WASHINGTON -Canadian Prime Minister Justin Trudeau returned to Ottawa on Friday after failing to convince U.S. President Joe Biden to scrap proposed electric-vehicle tax credits that would favor American-based manufacturers, but said he would keep seeking a solution.

Democrats in the U.S. House of Representatives on Friday passed the $1.75 trillion domestic investment bill that includes the tax credits, sending it to the Senate where negotiations will continue.

Canada fears the credits will undermine its own efforts to produce electric vehicles (EVs) in Ontario - the country's industrial heartland - where General Motors Co, Ford Motor Co and Stellantis NV already assemble cars and trucks and plan a pivot to electric.

"The Americans are very aware of Canada's position on this, and our concerns around it, and quite frankly, the threats it poses to over 50 years of integrated automaking in our two countries," Trudeau told reporters late on Thursday after meeting Biden at the White House.

"There are a number of ways to look at solving this," Trudeau said without elaborating, adding that Canada would continue to push to "find solutions".

Trudeau - who was in Washington to attend the first meeting between the leaders of the United States, Canada and Mexico in five years - also met with Congressional leaders.

On Friday, Brian Nichols, the U.S. Assistant Secretary of State for Western Hemisphere Affairs, kept the door open to a compromise.

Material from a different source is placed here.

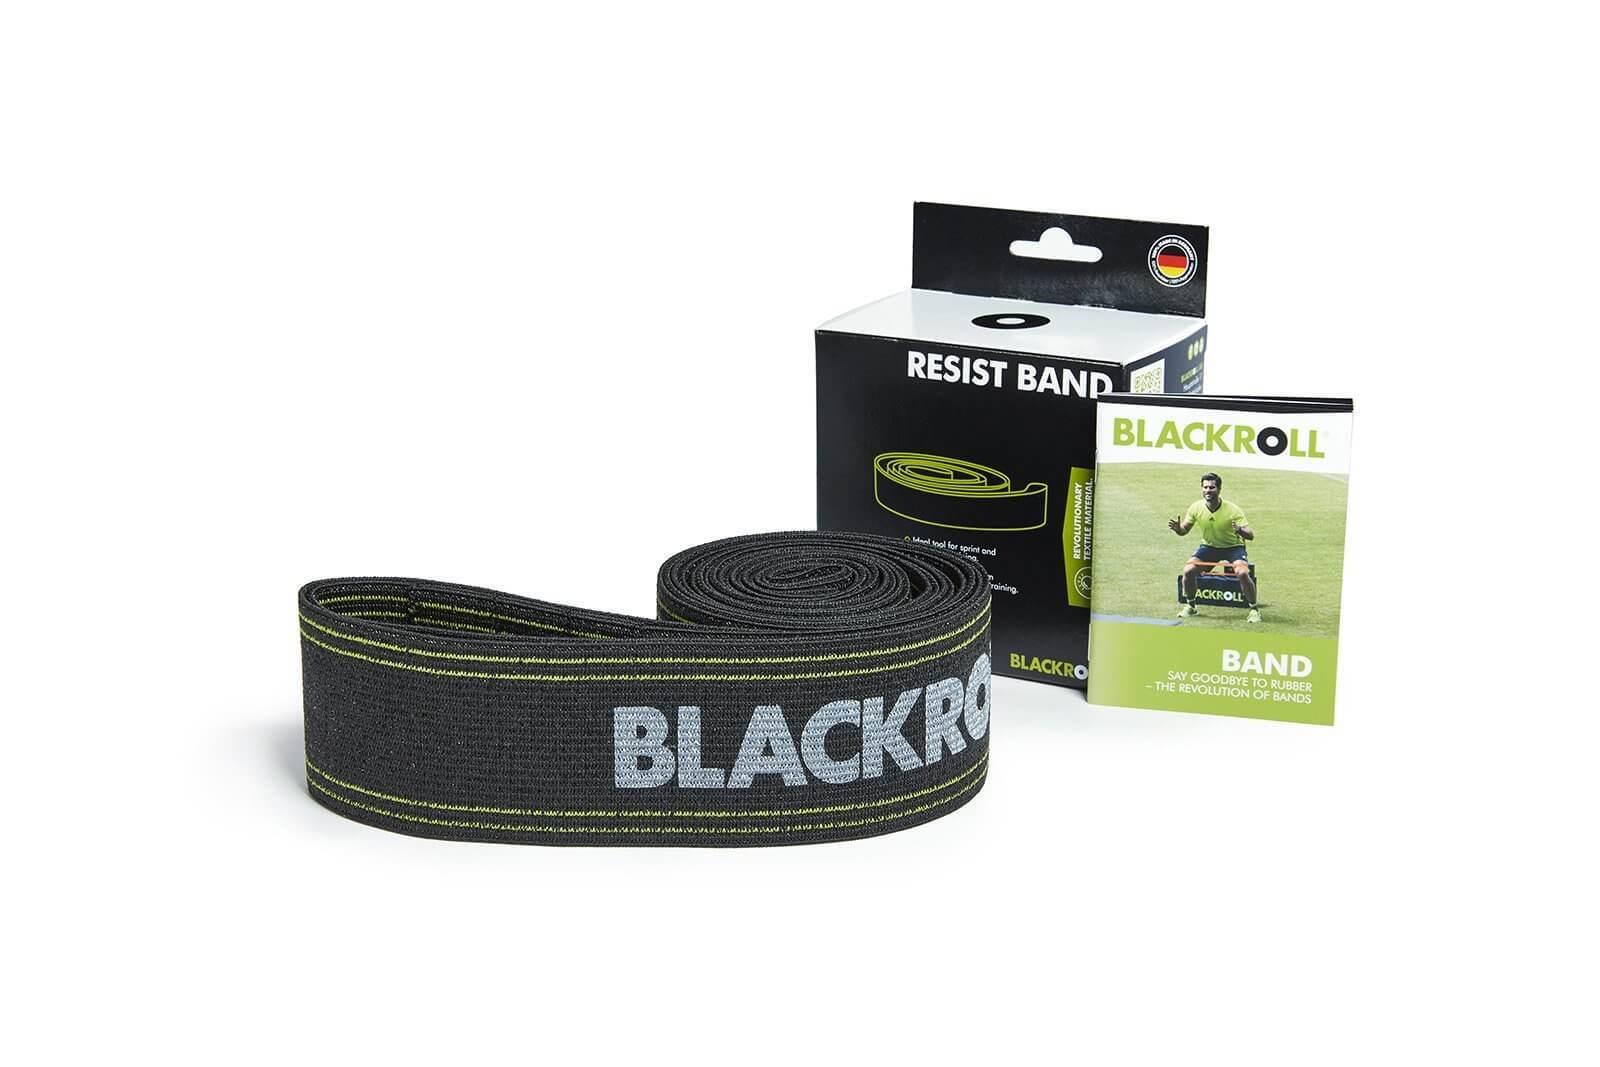 Оборудование BLACKROLL® для тренинга Эспандер-лента текстильная BLACKROLL® RESIST BAND 190 см (сверхтяжелое сопротивление, черная) BLACKROLL_white_small_0089_Sebastian_Schoffel_465b080a-6b90-4e6a-8058-9dd65c5660a7.jpg
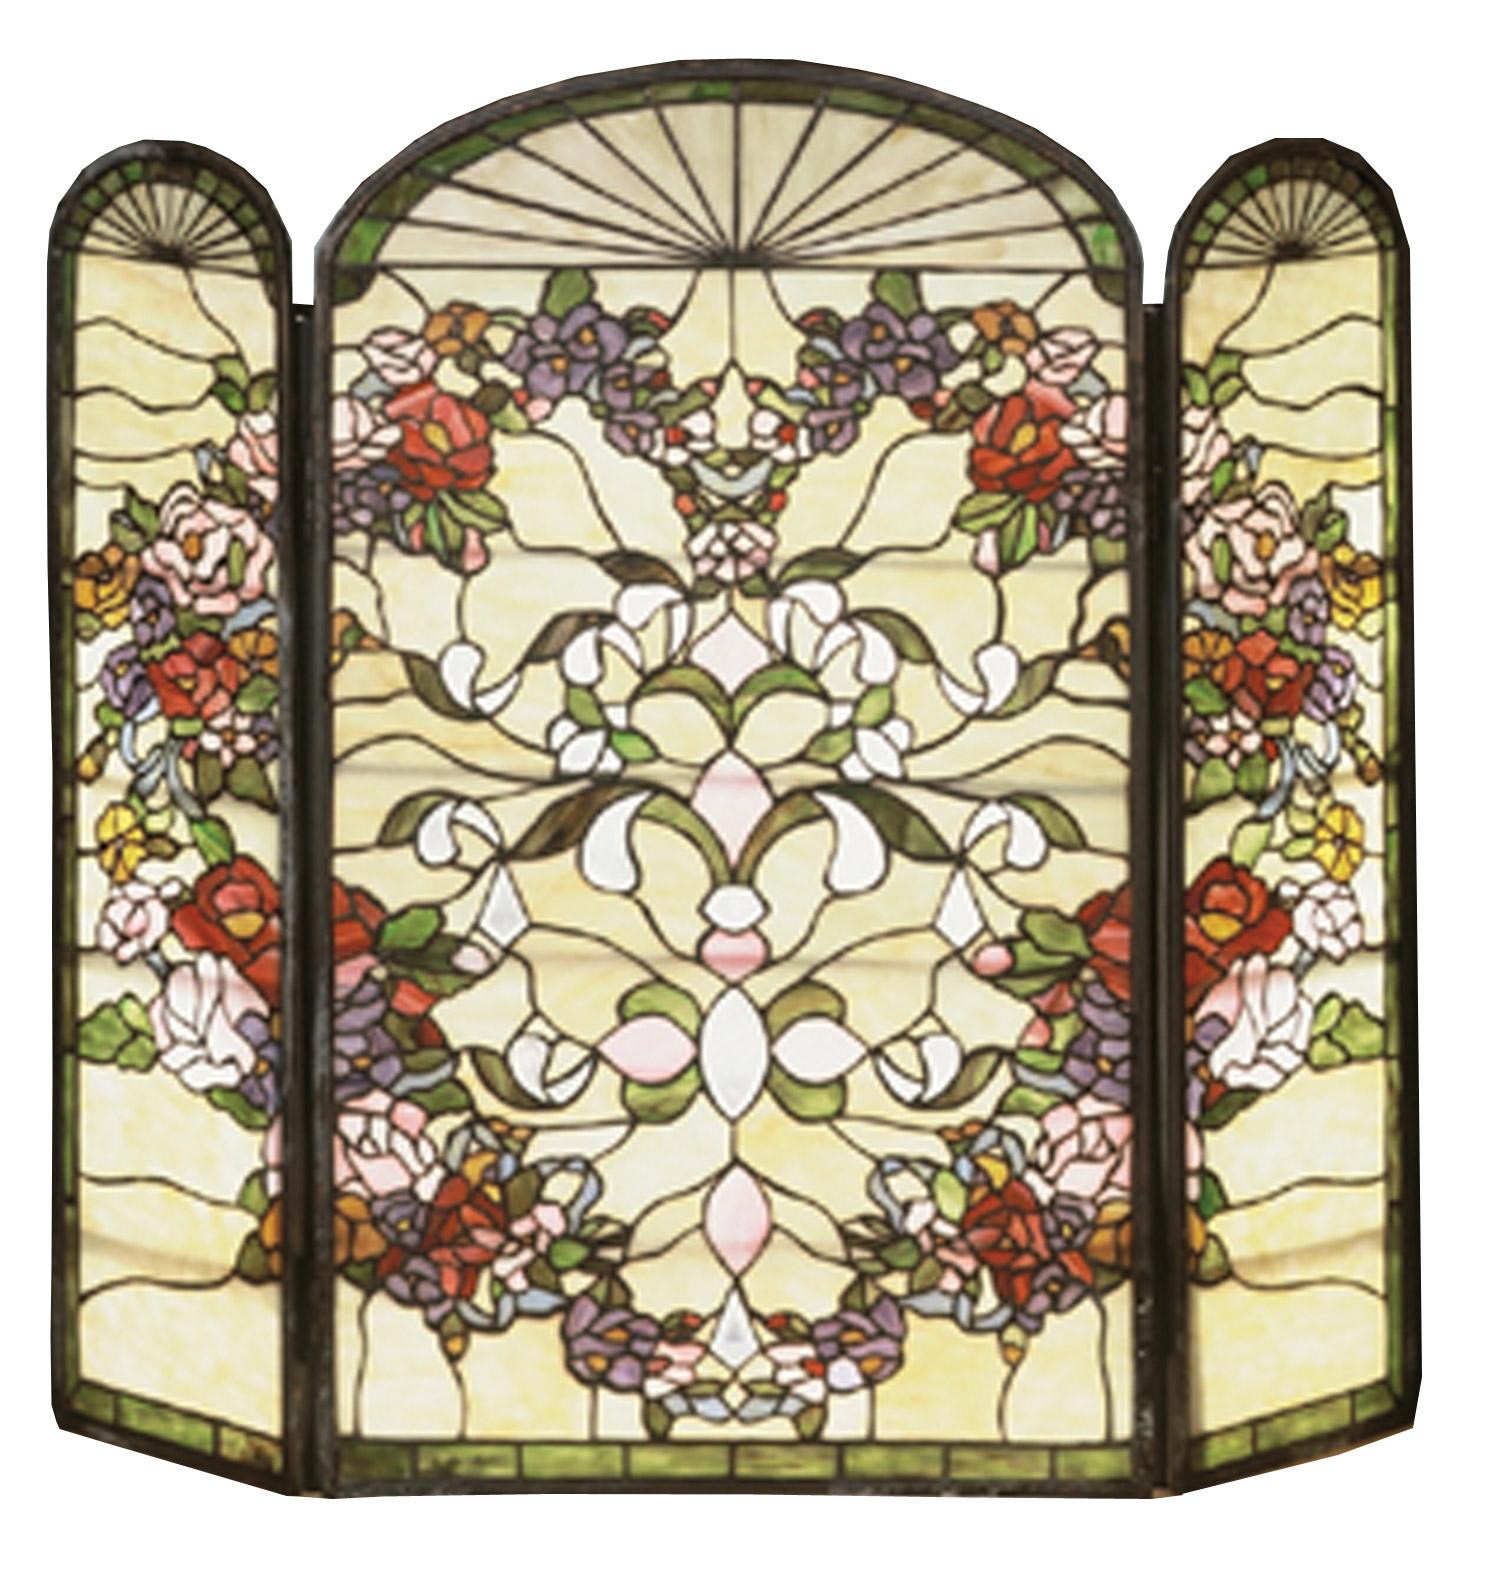 Meyda 47991 Tiffany Heart Folding Fireplace Screen

"Obviously we have some differences of opinion on these issues," he said. "But we have a great relationship... and we're going to work through all the issues that we have."

The tax credit issue was the first Trudeau brought up in his one-on-one meeting with Biden on Thursday, a government source said, and Canadian Finance Minister Chrystia Freeland on Wednesday warned the tax credits risk becoming the dominant bilateral issue between the two countries.

Canada says they would violate rules of the new North American trade treat, or USMCA (United States-Mexico-Canada Agreement). The White House insisted on Thursday that they do not. Canada has indicated it would respond if the tax credits are passed.

Trudeau said he discussed other contentious issues with Biden, such as his "Buy American" provisions and Michigan's push to shut down Enbridge Inc's Line 5 oil pipeline, but found no solutions.

There was "no definitive win for Canada," said the Canadian Chamber of Commerce, and the Conservative Party opposition said the failure showed "Canada's relationship with the United States has declined under Mr. Trudeau".

Trudeau had a rocky relationship with former President Donald Trump, who once called him "dishonest and weak", and he was the first world leaders to congratulate Biden after he was declared the winner of the 2020 election.

But Biden canceled an oil pipeline from Canada to the U.S. that Trudeau supported on his first day in office, and Washington has announced plans to double duties on imports of Canadian lumber and requested a dispute panel on Canada's dairy import quotas.